**Exercise instructions**: Please set down, word for word, the line that contains "Metal: 18k White Gold" and every line after it to the end of the entries below, omitting the pictures.

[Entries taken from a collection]
________
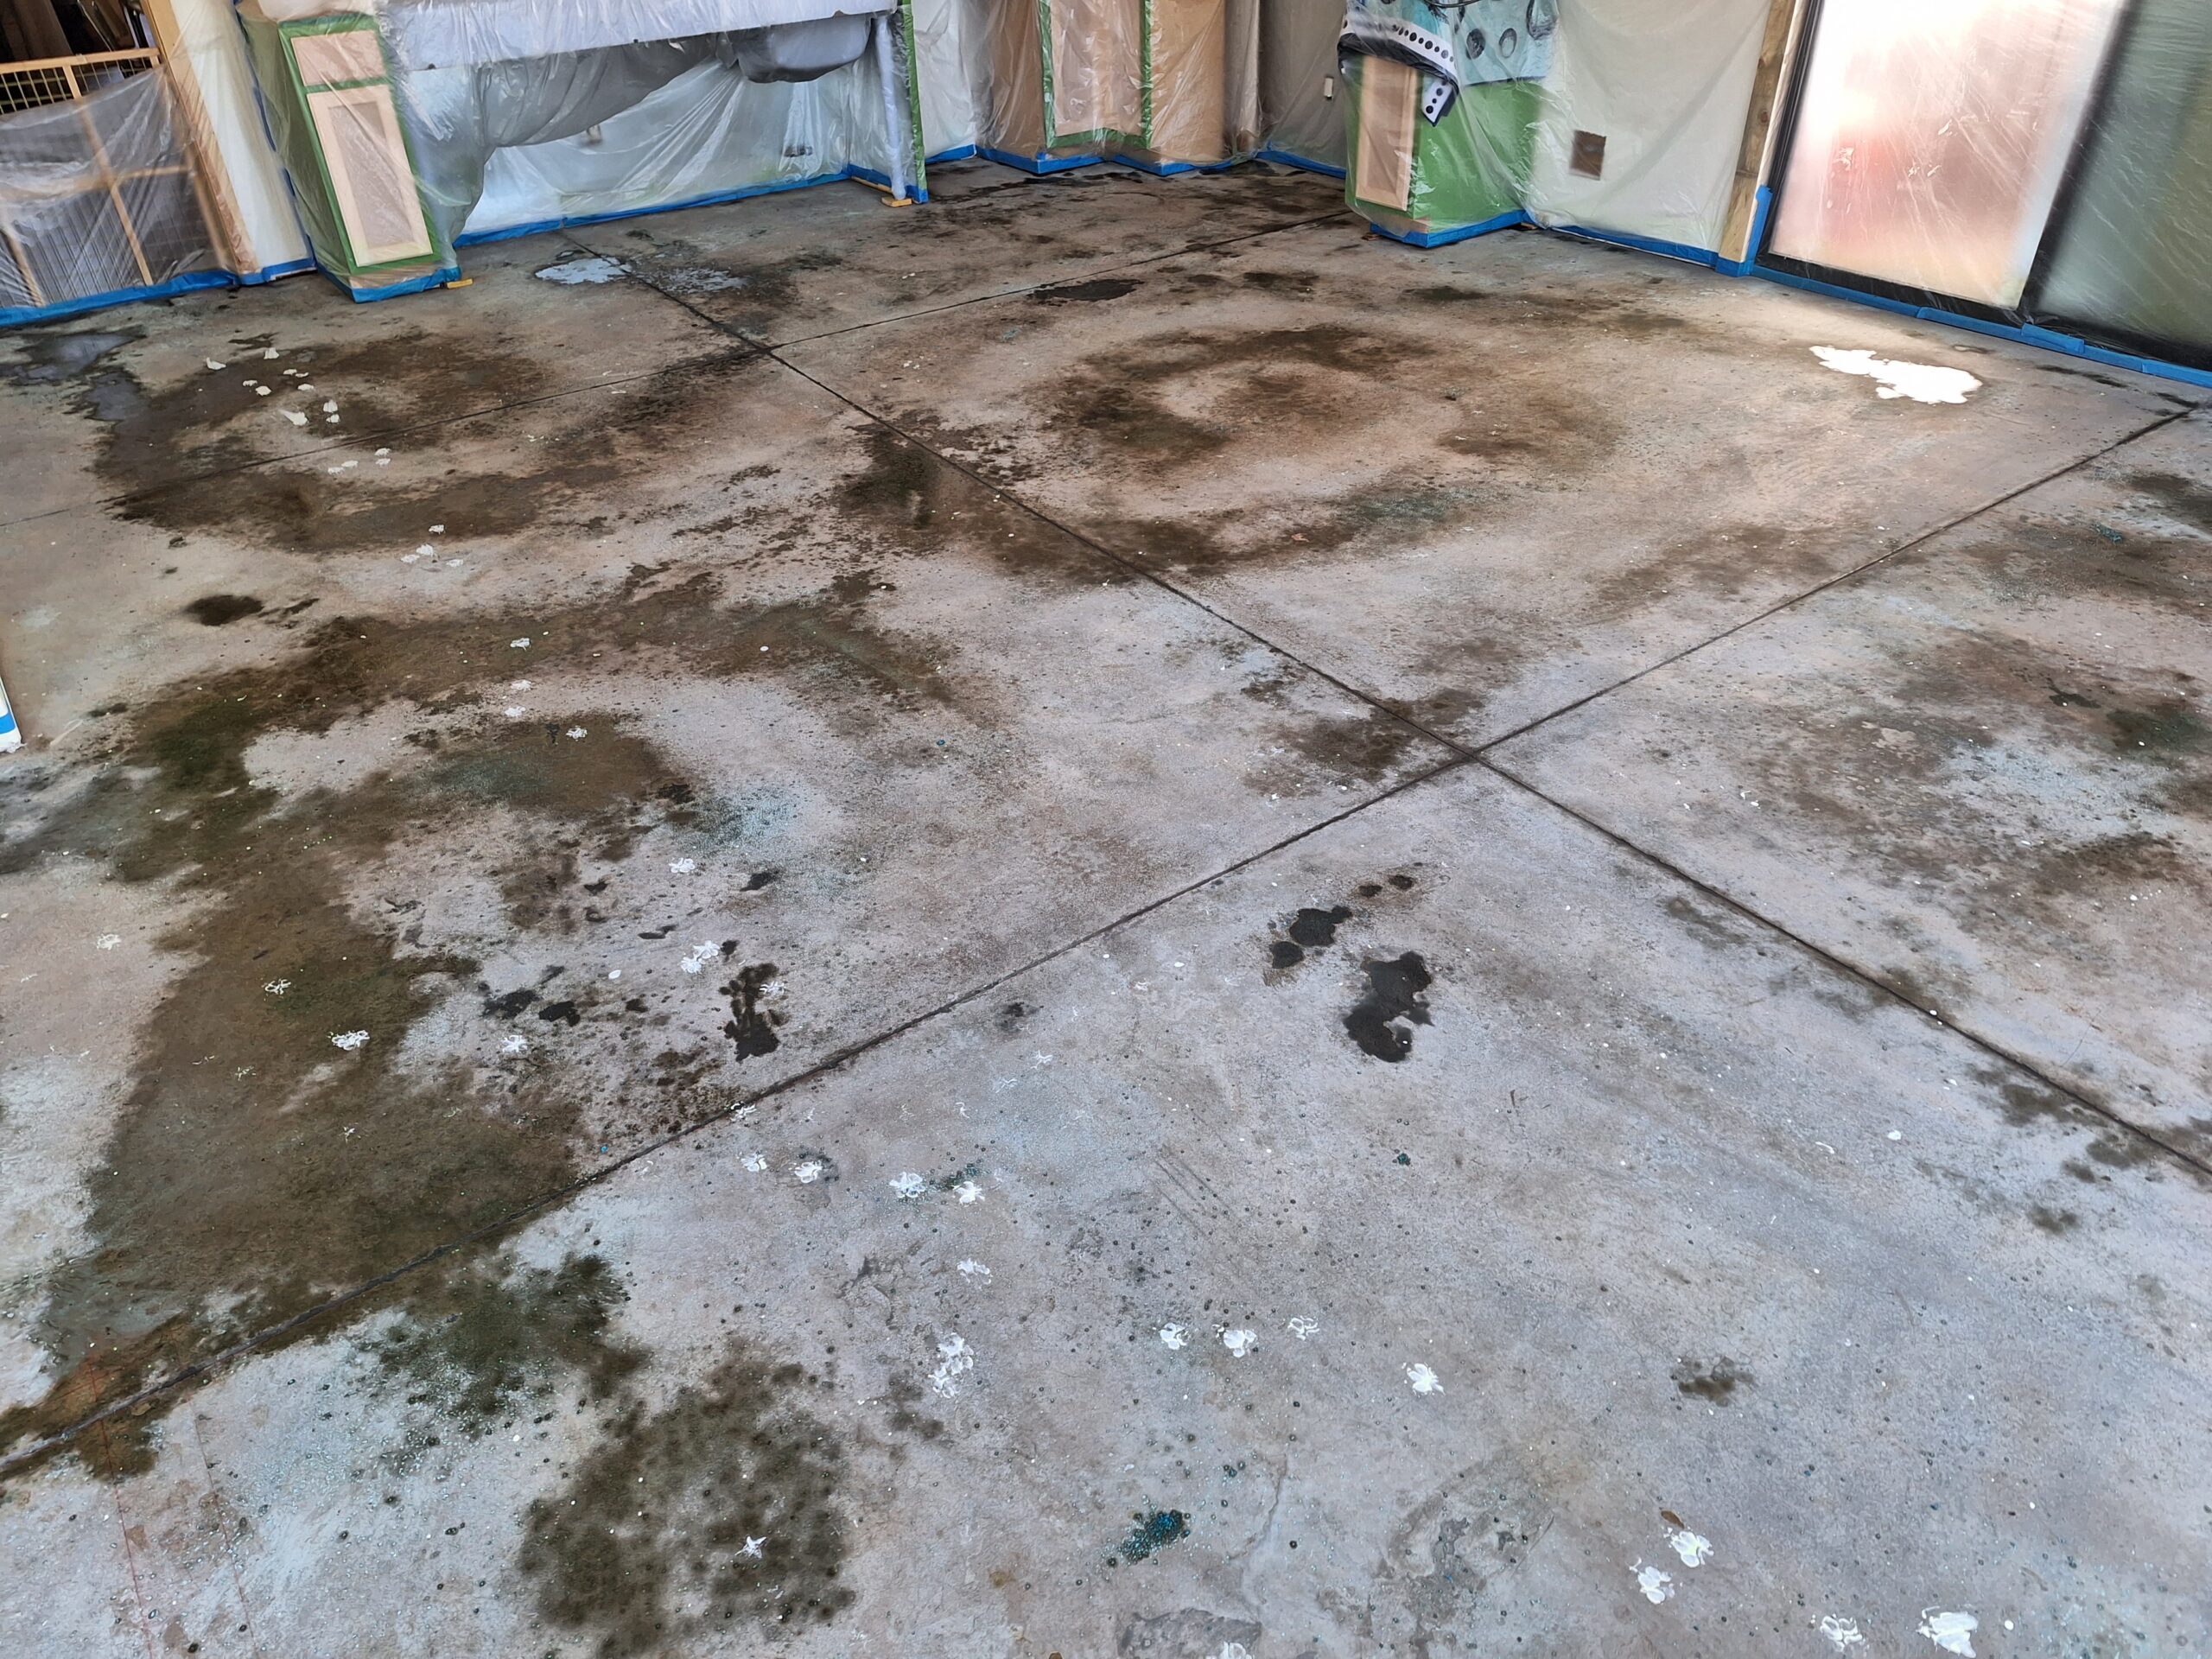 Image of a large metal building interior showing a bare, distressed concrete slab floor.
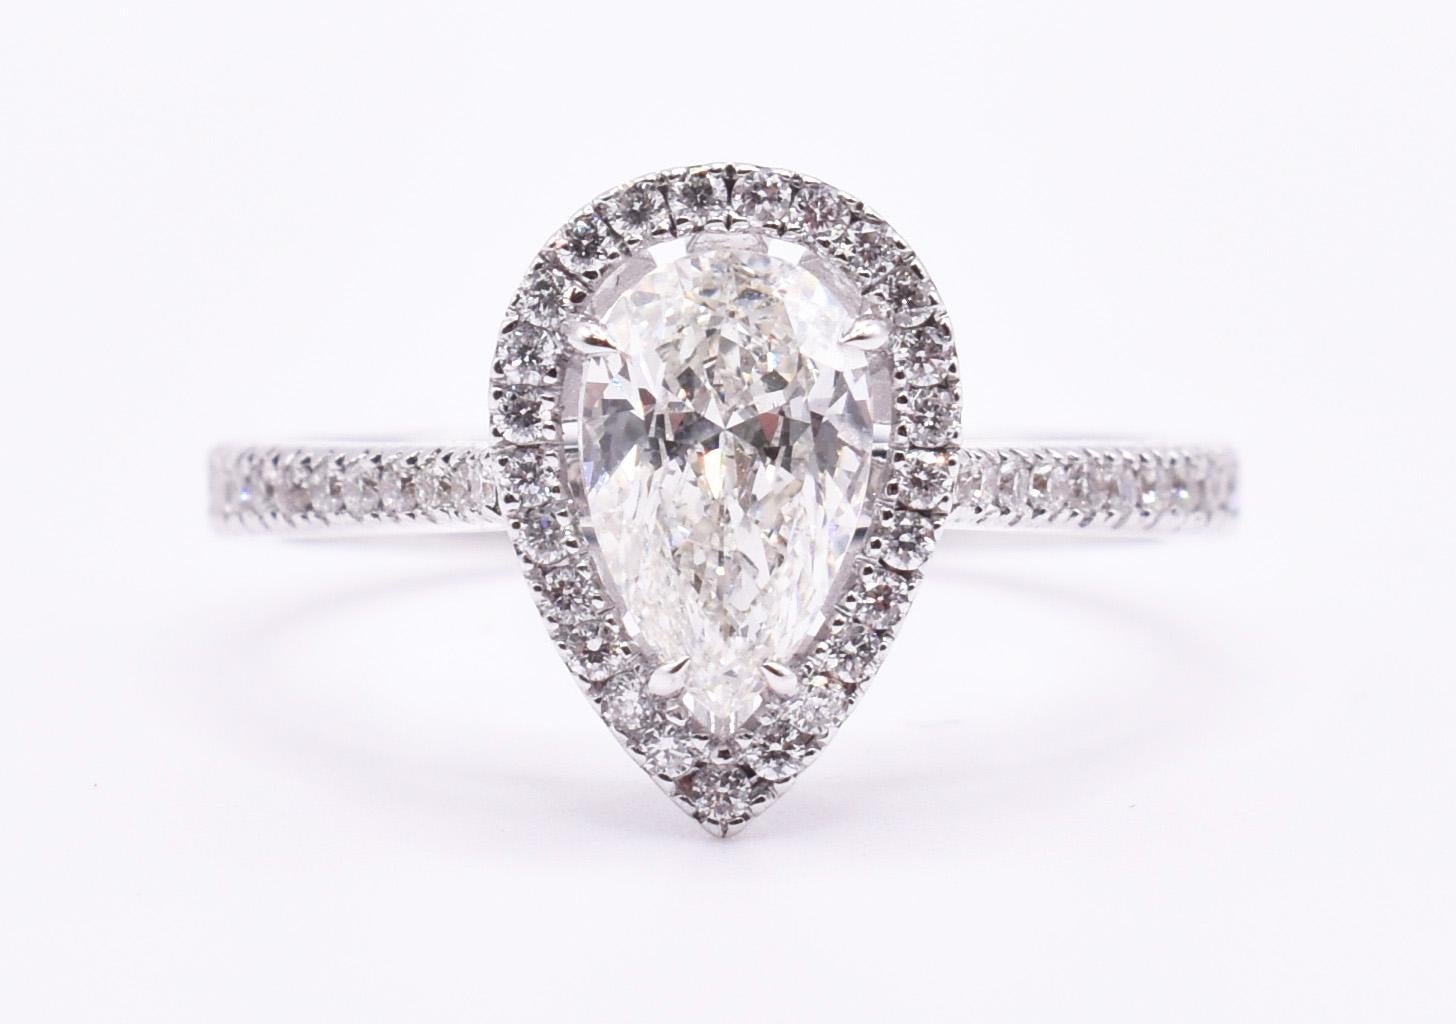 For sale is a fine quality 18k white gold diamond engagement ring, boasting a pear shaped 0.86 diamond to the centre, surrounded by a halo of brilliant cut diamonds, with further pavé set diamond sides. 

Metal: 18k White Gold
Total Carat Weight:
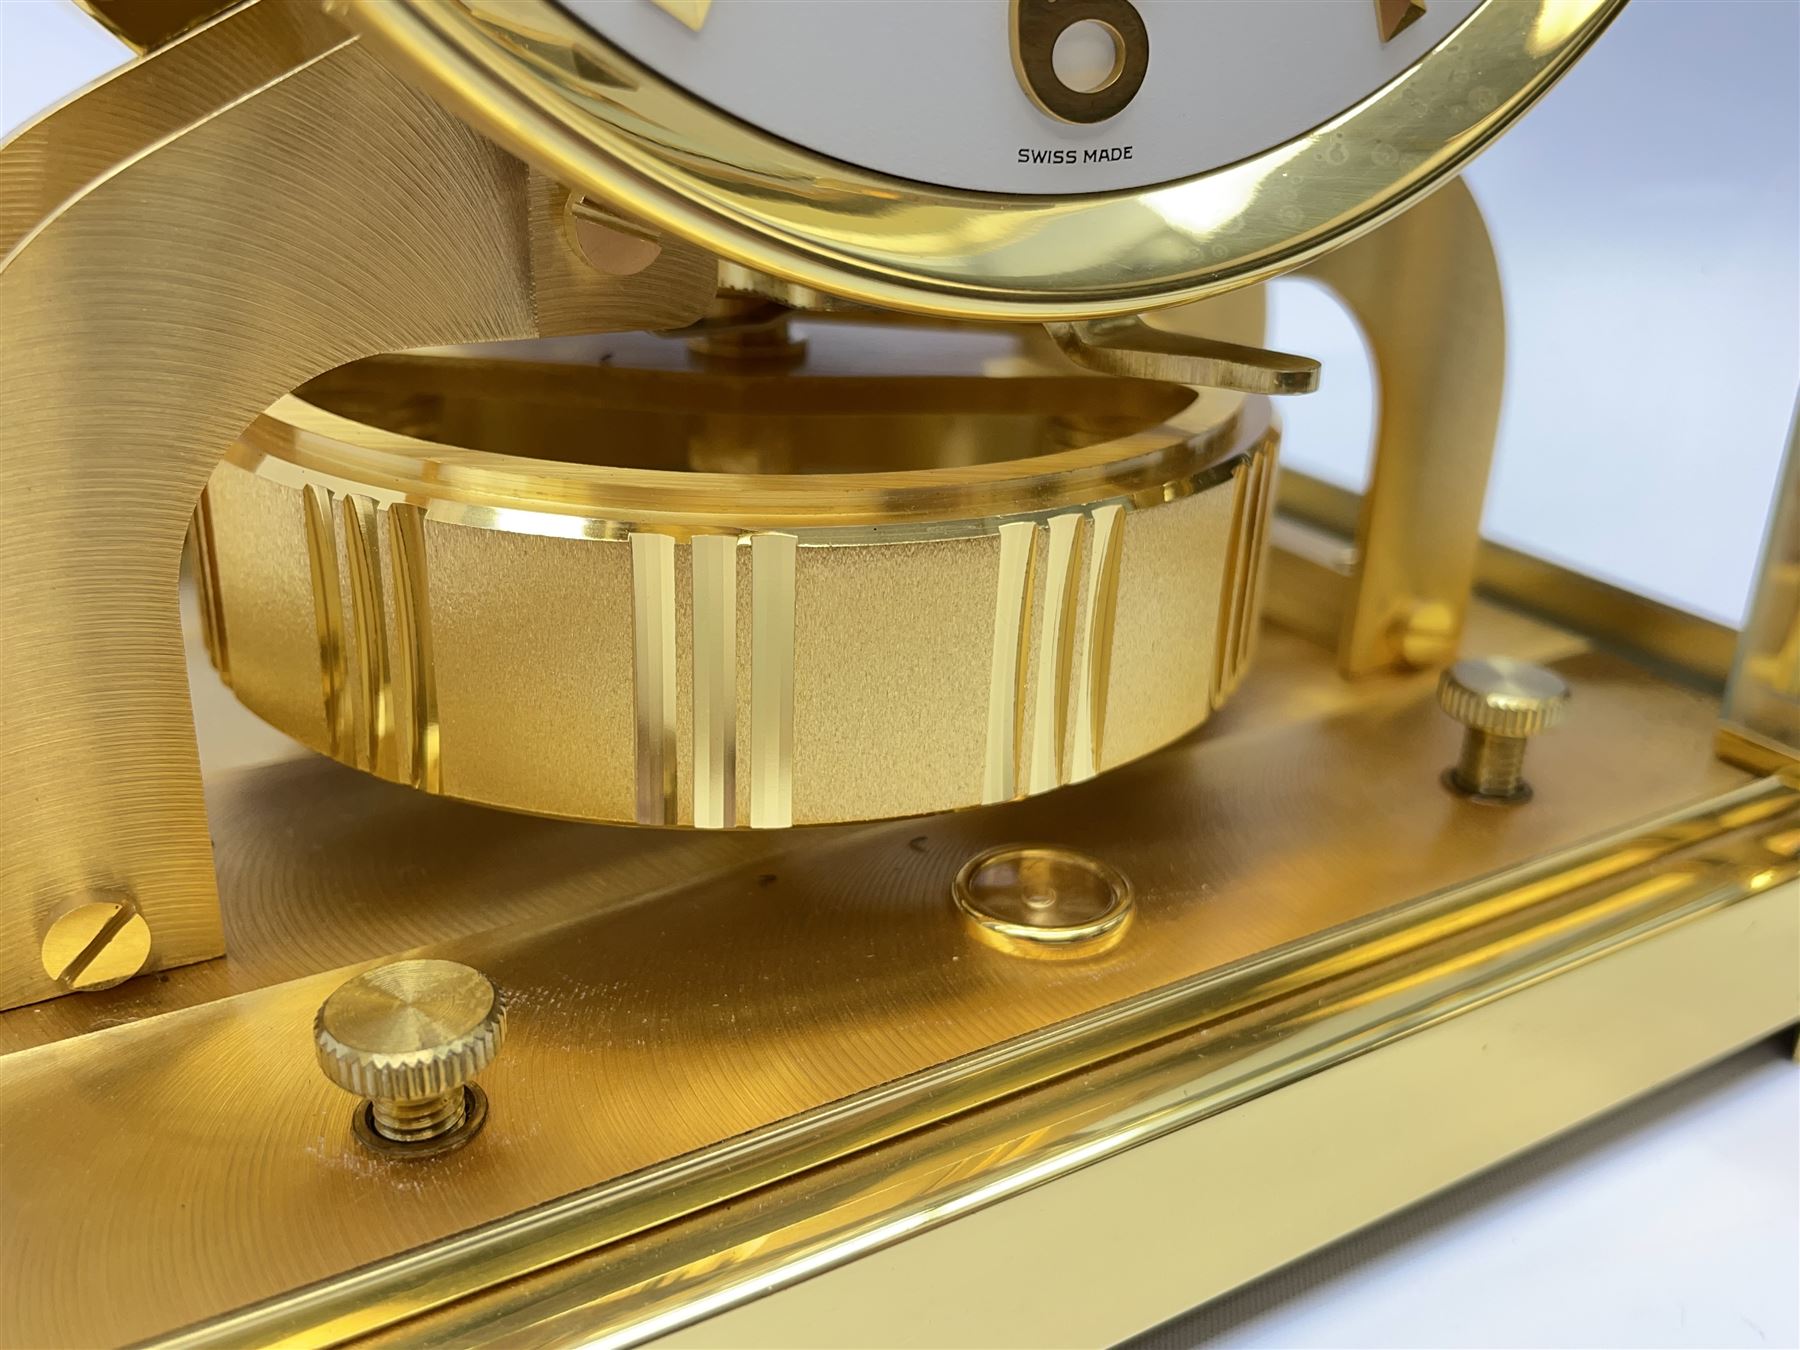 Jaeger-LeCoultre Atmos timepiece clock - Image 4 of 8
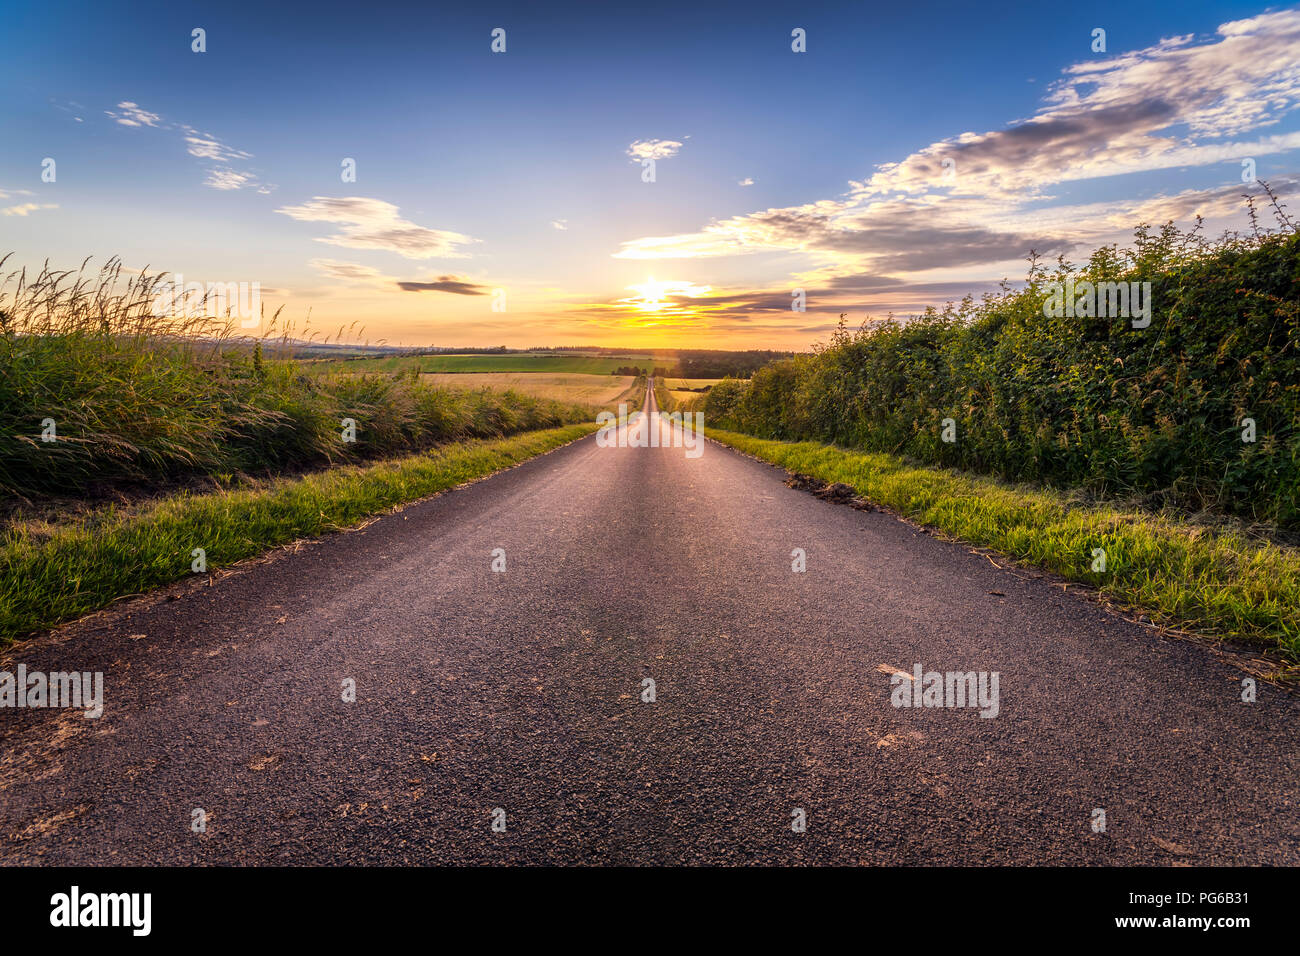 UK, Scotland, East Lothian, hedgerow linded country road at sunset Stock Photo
________
**Response box**:
Metal: 18k White Gold
Total Carat Weight:
 Jaeger-LeCoultre Atmos timepiece clock - Image 4 of 8
 UK, Scotland, East Lothian, hedgerow linded country road at sunset Stock Photo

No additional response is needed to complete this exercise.